Action item: The answer must reproduce the listing exactly, with every picture left out.

Data segment:
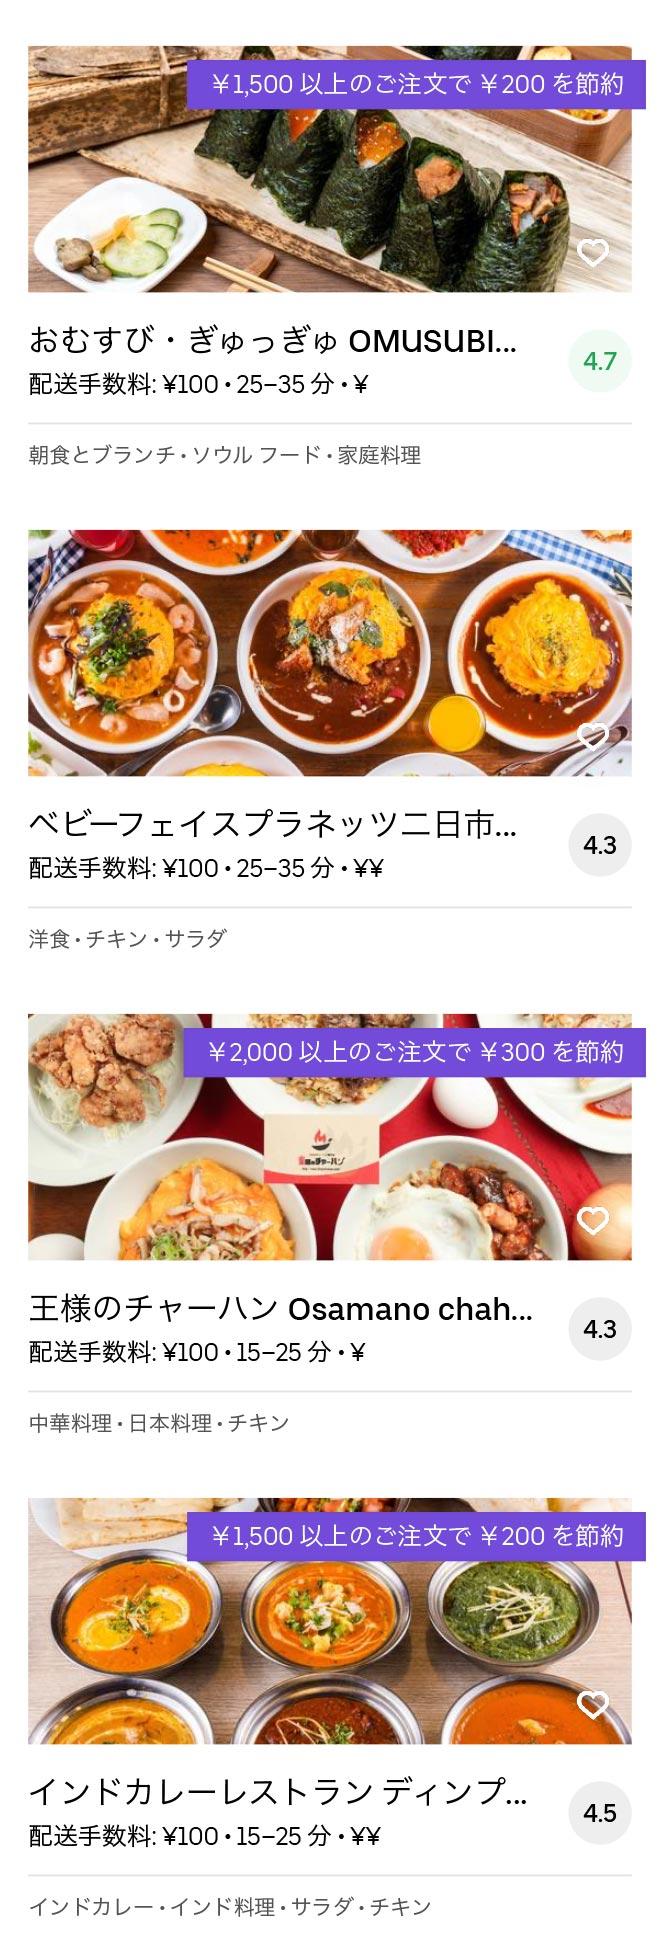 Tofuroumae menu 2004 02
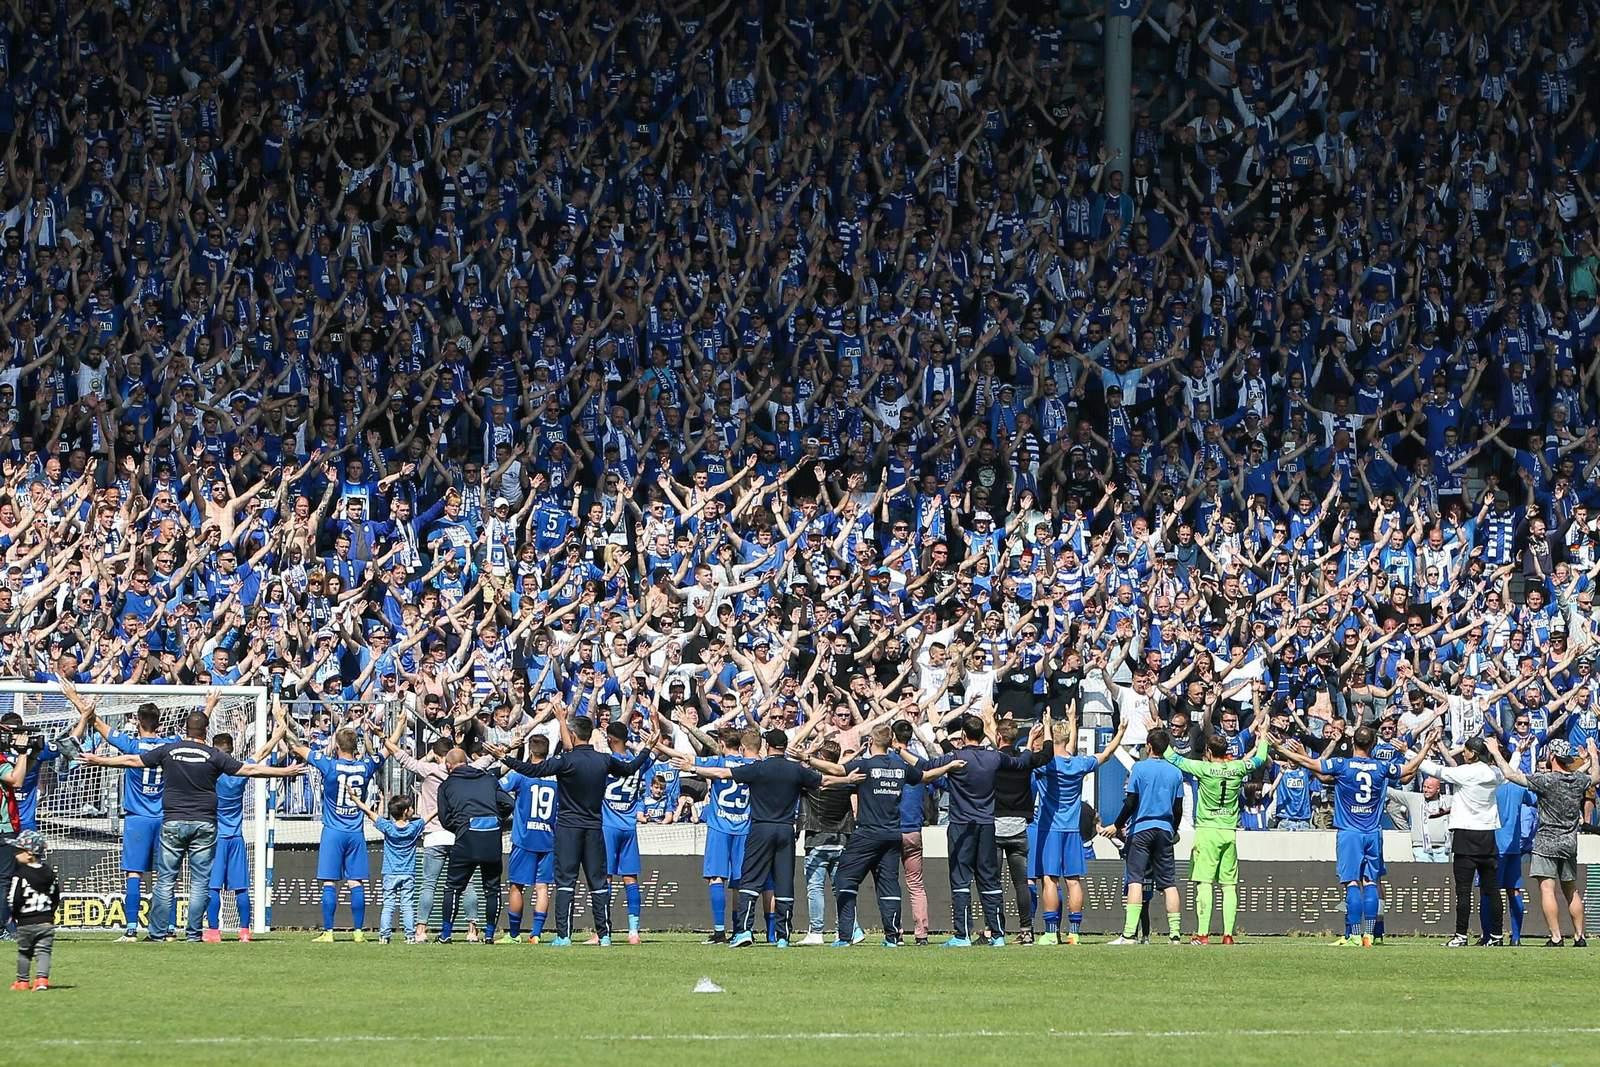 Die Mannschaft des FCM vor den Fans
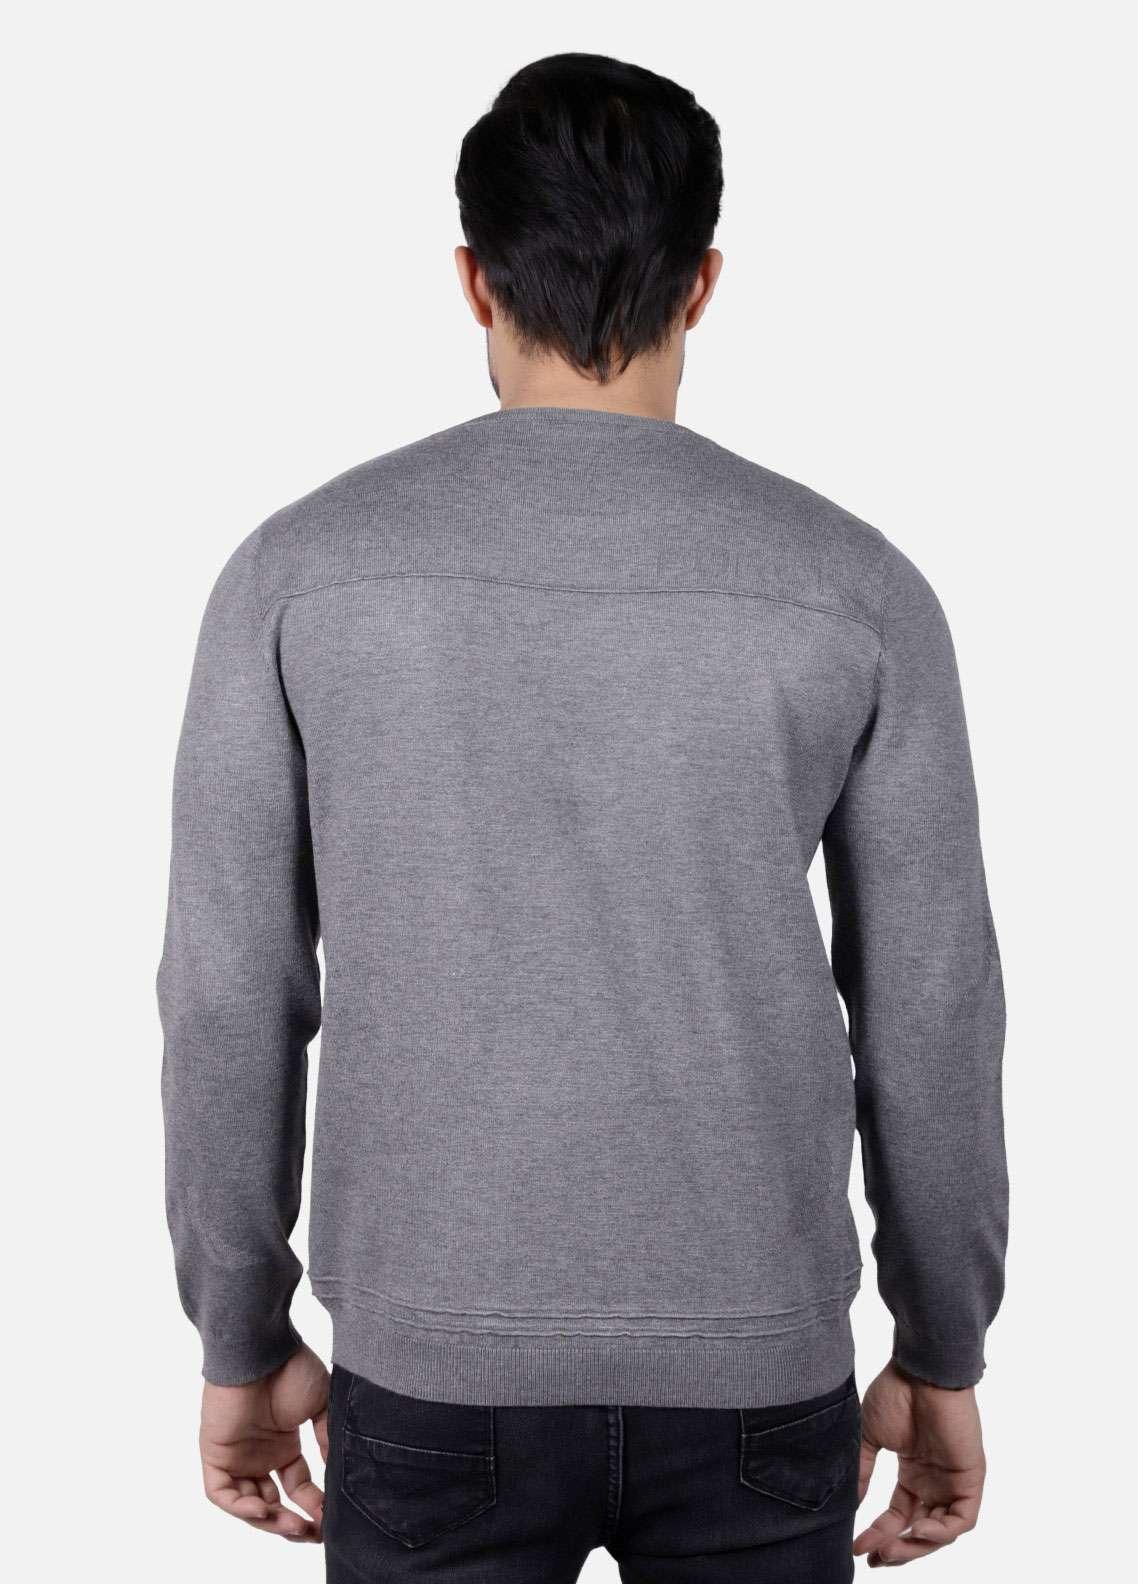 Furor Jersey Casual Sweatshirts for Men - Grey 017223
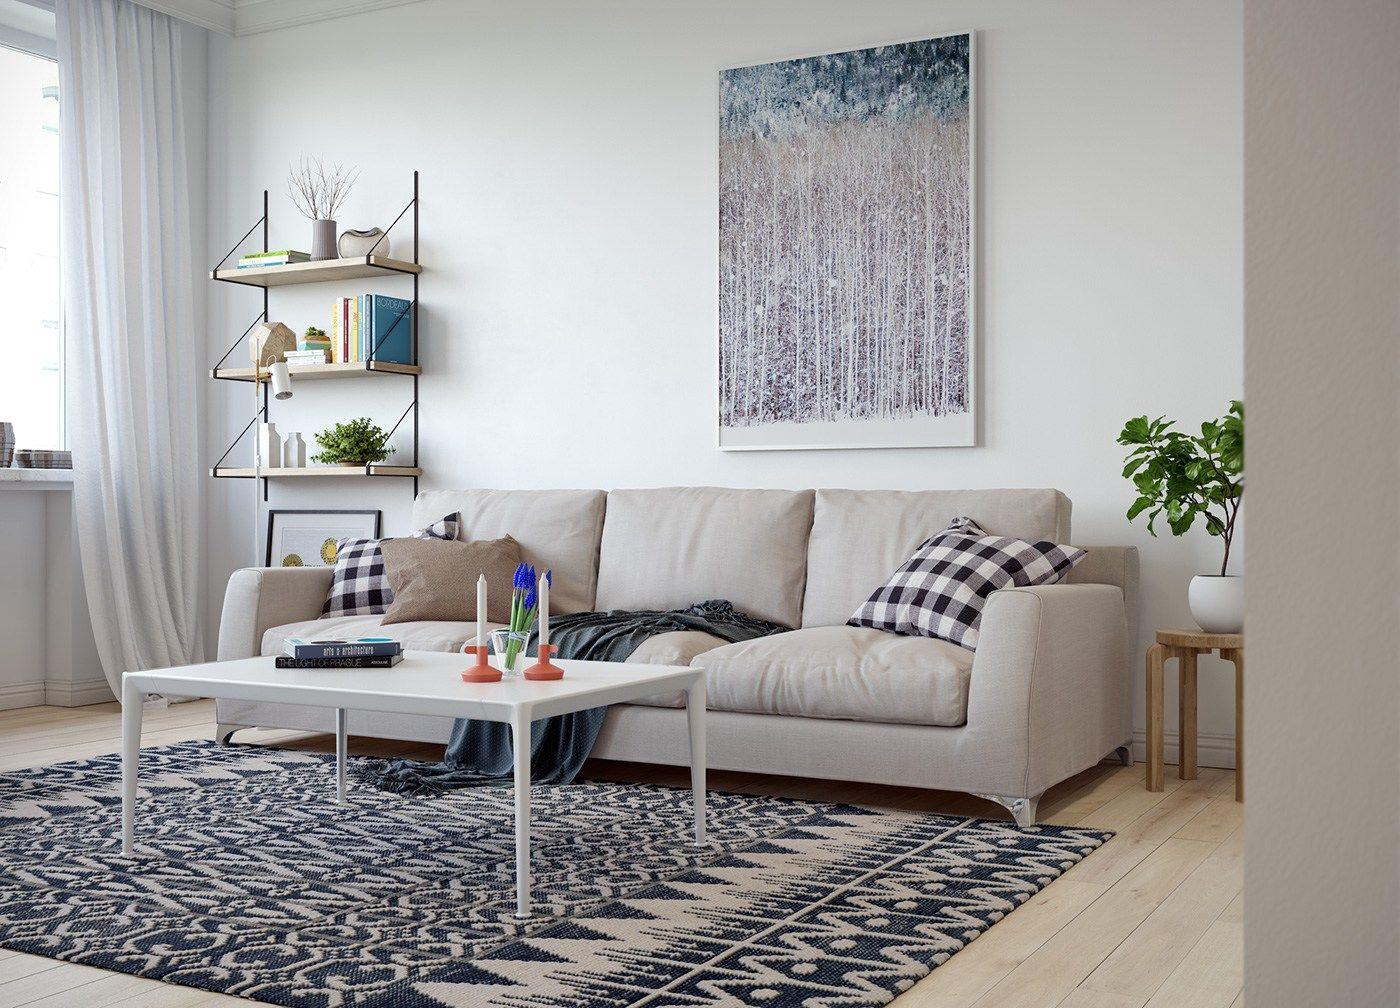 Decoración abierta | Decoracion pisos pequeños, Estilo nórdico y ...

Final answer:
 Tofuroumae menu 2004 02
 Die Mannschaft des FCM vor den Fans
 Furor Jersey Casual Sweatshirts for Men - Grey 017223
 Decoración abierta | Decoracion pisos pequeños, Estilo nórdico y ...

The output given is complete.